The 148-Year Fight to Fund Virginia’s Public Schools
The debate over allocation of local funds to build a new Harrisonburg High School to solve overcrowding, or to fix Fulks Run Elementary School may be new, but the fight over school funding in the Commonwealth has been ongoing since our schools were founded in 1869.
Virginia schools were created to improve the state’s literacy rate and to educate black Virginians (almost half of all Virginians were illiterate at that time). Freedmen and poor whites generally favored public schools, but wealthier Virginians were less than enthusiastic, and prioritized repayment of pre-war debts over funding schools.
Virginia Governor Frederick Holliday, a former Confederate colonel, vetoed a bill that would have required school taxes be devoted exclusively to funding public schools, stating, “Public free schools are not a necessity… They are a luxury… to be paid for, like any other luxury, by the people who wish their benefits.” In 1879 Virginia General Assembly made drastic cuts to the public education budget, shutting down half the schools in the state.
The Readjusters, a populist party with roots in the Shenandoah Valley, came together across the racial divide to oppose the Holliday agenda. The Readjusters restored education funding, repealed the racist poll tax, and controlled Virginia’s General Assembly and governor’s mansion (until a resurgent white supremacy erased many of the gains of the Reconstruction).
By the close of the 19th century, Virginia’s public schools had earned broad biracial support, but under Jim Crow, they remained segregated until the Supreme Court’s decision in Brown v Board of Education. State Delegate James M. Thomson and US Sen. Harry F. Byrd Sr. fought desegregation for many years after Brown by taking control of local school board decisions, and closing some schools altogether.
Decades of struggle and court decisions against segregation finally brought an end to Massive Resistance — a hundred years after Virginia’s public schools were created. The concept of charter schools was born shortly thereafter, and the fight for public school funding in Virginia continues today.
During the 2008–09 recession, General Assembly made budget cuts to education. Virginia’s funding per-student dropped by 16 percent between the 2008–09 and the 2013–14 school year (adjusted for inflation). As the economy has been recovering, our elected representatives in Richmond have not restored that funding.
The threat to public education is real, and it’s local. Groups like Americans for Prosperity are working to revive an old Holliday-esque agenda in school districts across the country. Several property owners in Harrisonburg recently formed a PAC called “Students Over Structures” (SOS) to oppose spending “too much” to alleviate overcrowding at HHS. SOS has sent mailers and erected red signs throughout the city.
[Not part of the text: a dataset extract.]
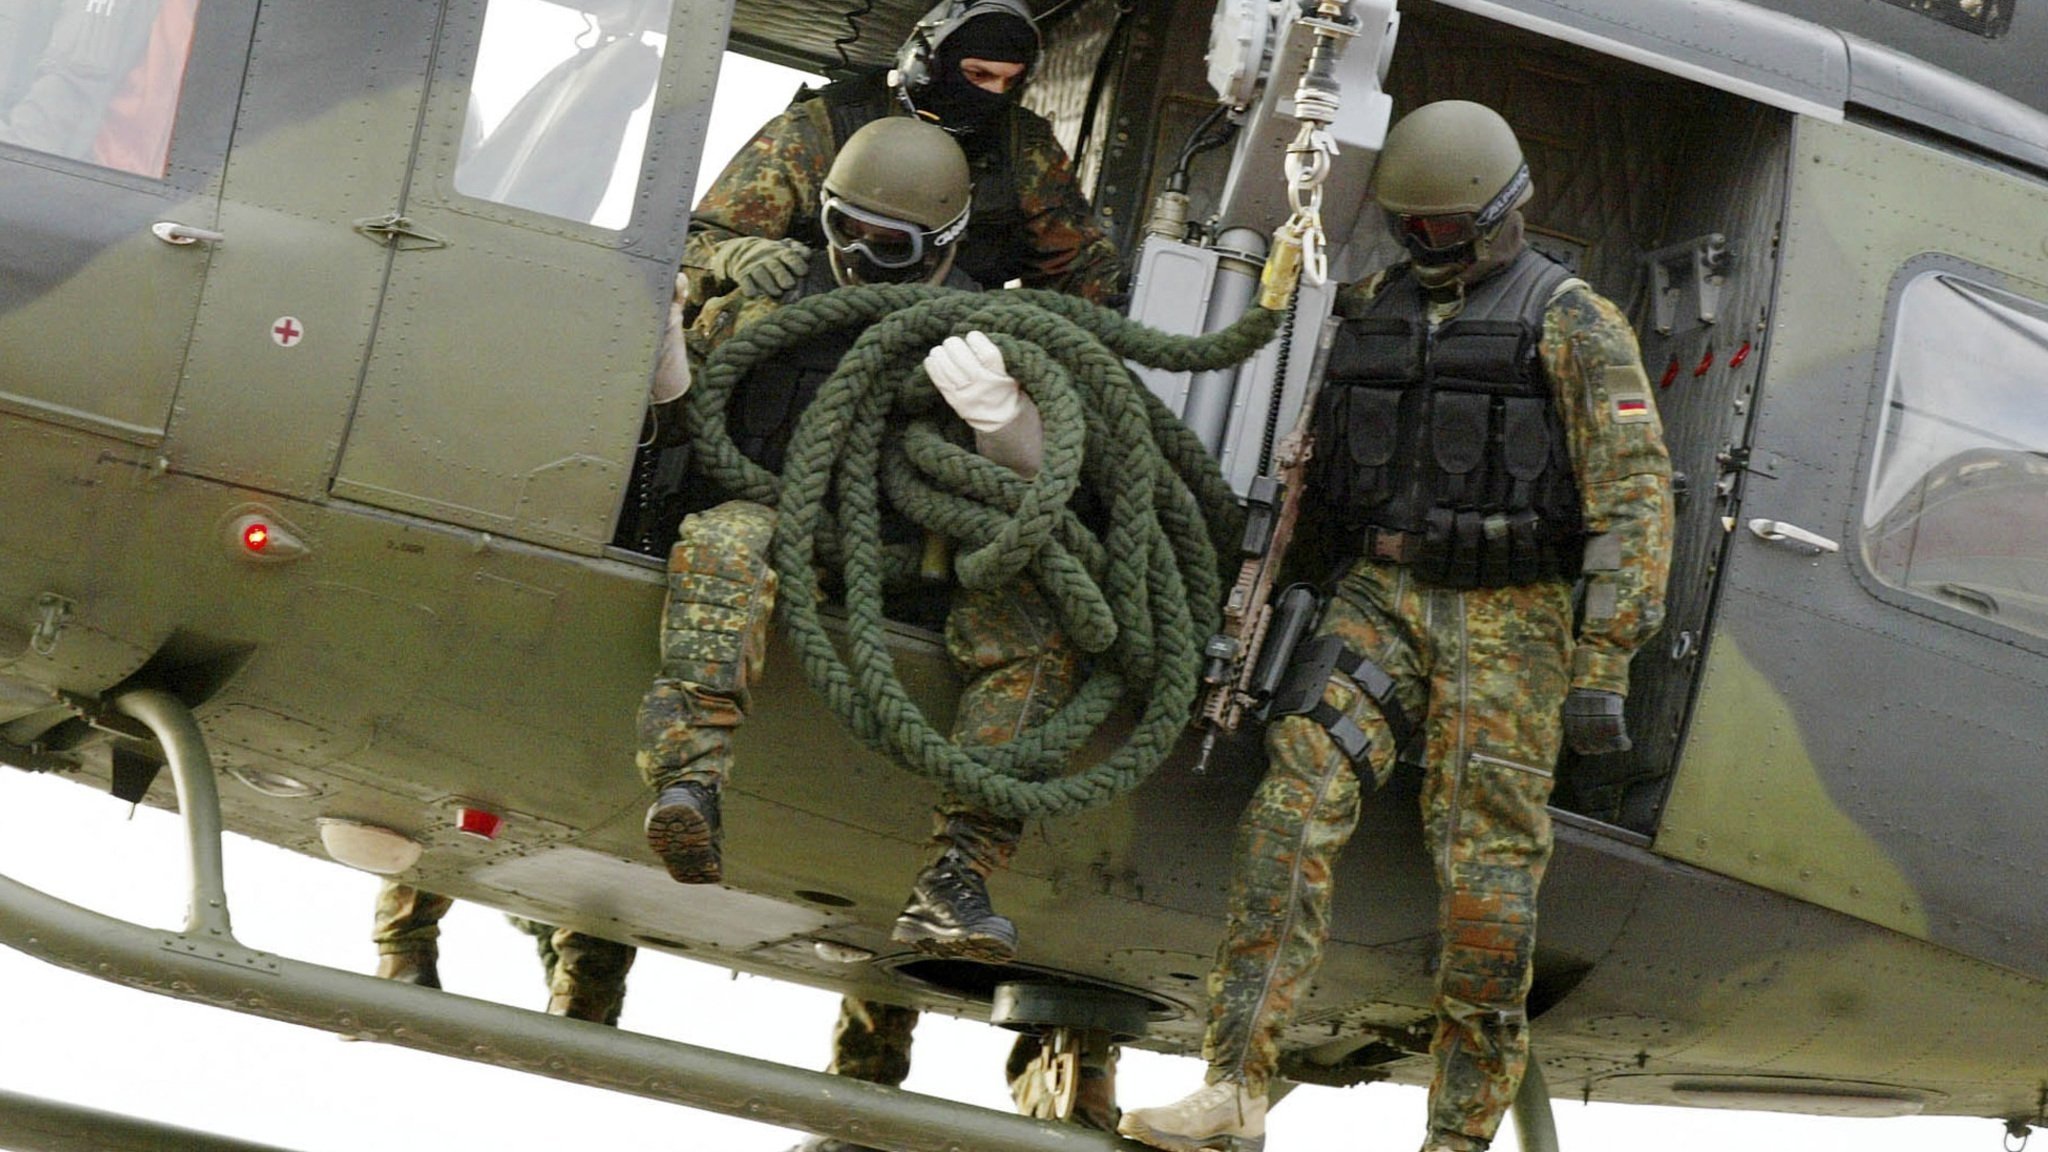 Das OVG NRW hat entschieden: Ein KSK-Soldat bekommt keinen Waffenschein

We didn’t see this sort of organized, well-funded opposition to school construction several years ago, when Harrisonburg and Rockingham County built five new schools. That could have something to do with state budget cuts to education during the recession that haven’t been restored as our economy has improved. Or rising property values and school construction costs. Or it might be due in part to opinions some hold about our changing demographics. HHS is ranked among the most diverse schools in the state — between 2010 and 2013, the city’s Hispanic population grew by 18.2 percent.
We need champions for Virginia’s working families in Richmond again to fight as the Readjusters did for strong schools that support thriving local communities. I’m running for delegate in Harrisonburg and Rockingham County to do just that.